Sipo

Personal information
- Full name: Armando Sipoto Bohale Aqueriaco
- Date of birth: 21 April 1988 (age 36)
- Place of birth: Alicante, Spain
- Height: 1.78 m (5 ft 10 in)
- Position(s): Left-back

Youth career
- 1997–2007: Alicante

Senior career*
- Years: Team / Apps / (Gls)
- 2007–2009: Alicante B
- 2009–2010: Alicante / 18 / (0)
- 2010: Torrellano Illice / 7 / (0)
- 2011: Jove Español / 13 / (1)
- 2011–2012: Badajoz / 18 / (0)
- 2012: Cádiz / 0 / (0)
- 2012–2013: Teruel / 17 / (0)
- 2013: Osasuna B / 15 / (0)
- 2013–2014: Pandurii / 7 / (1)
- 2014–2015: AEK Larnaca / 2 / (0)
- 2015–2016: Olímpic Xàtiva / 2 / (0)
- 2018–2019: Alicante / 1 / (0)

International career
- 2006–2015: Equatorial Guinea / 27 / (0)

= Sipo (footballer) =

Equatoguinean footballer (born 1988)

Armando Sipoto Bohale Aqueriaco (born 21 April 1988), commonly known as Sipo, is a former professional footballer who played as a left-back.

He spent all but his senior career in Spain, but never in higher than Segunda División B. His professional input consisted of a combined nine matches for Pandurii (Romania) and AEK Larnaca (Cyprus).

Born in Spain, Sipo capped for the Equatorial Guinea national team.

==Club career==
Born in Alicante, Spain, Sipo only played lower league football in that country.

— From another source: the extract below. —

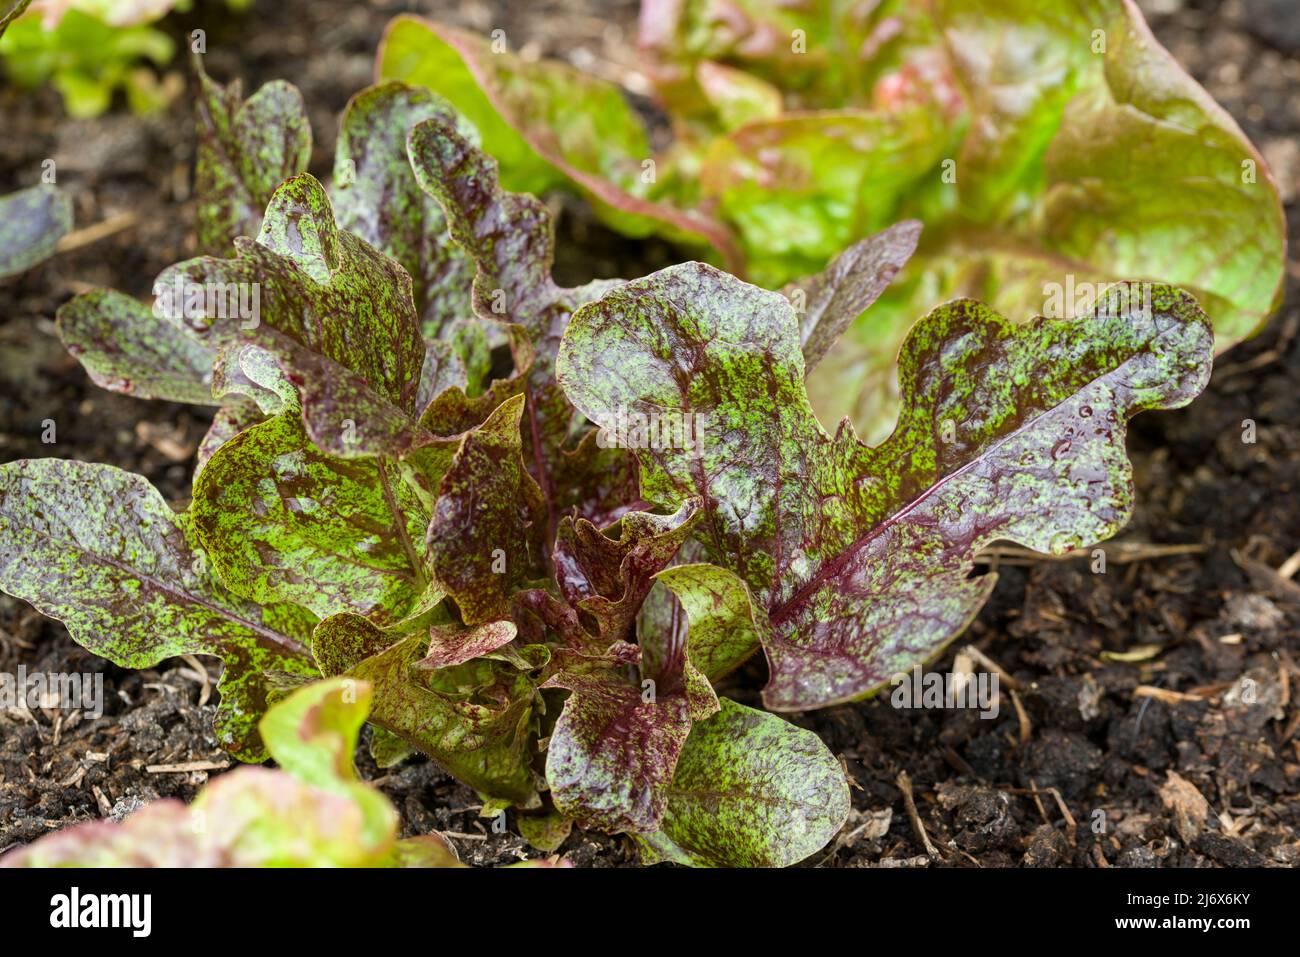 A young Fine Speckled Oak lettuce plant growing in a no-dig style vegetable garden in spring. Stock Photo

He represented Alicante CF, CD Badajoz, Cádiz CF, CD Teruel and CA Osasuna B in Segunda División B, and Alicante's B-team (which he helped promote from the regional leagues in his first season), Torrellano Illice CF and FC Jove Español San Vicente in Tercera División.

In 2008–09, Sipo won another promotion with Alicante B but, as the first team was relegated from Segunda División, the former were also forced to drop down a level. He split the 2012–13 campaign with three clubs, playing one Copa del Rey game with Cádiz and also appearing for Teruel and Osasuna's reserves.

Sipo made his professional debut with CS Pandurii Târgu Jiu in Romania. He scored in first appearance in Liga I, a 1–1 away draw against FC Petrolul Ploiești on 29 July 2013.

==International career==
Born to Equatoguinean parents, Sipo decided to represent Equatorial Guinea internationally. He made his debut on 29 March 2006 in a 2–0 friendly win against Benin in Malabo, being this the first time he entered his adopted nation.

Sipo was called to the squad that appeared in the 2012 Africa Cup of Nations played on home soil, being an unused member during the tournament due to an injury which he contracted in a friendly and from which he did not fully recover.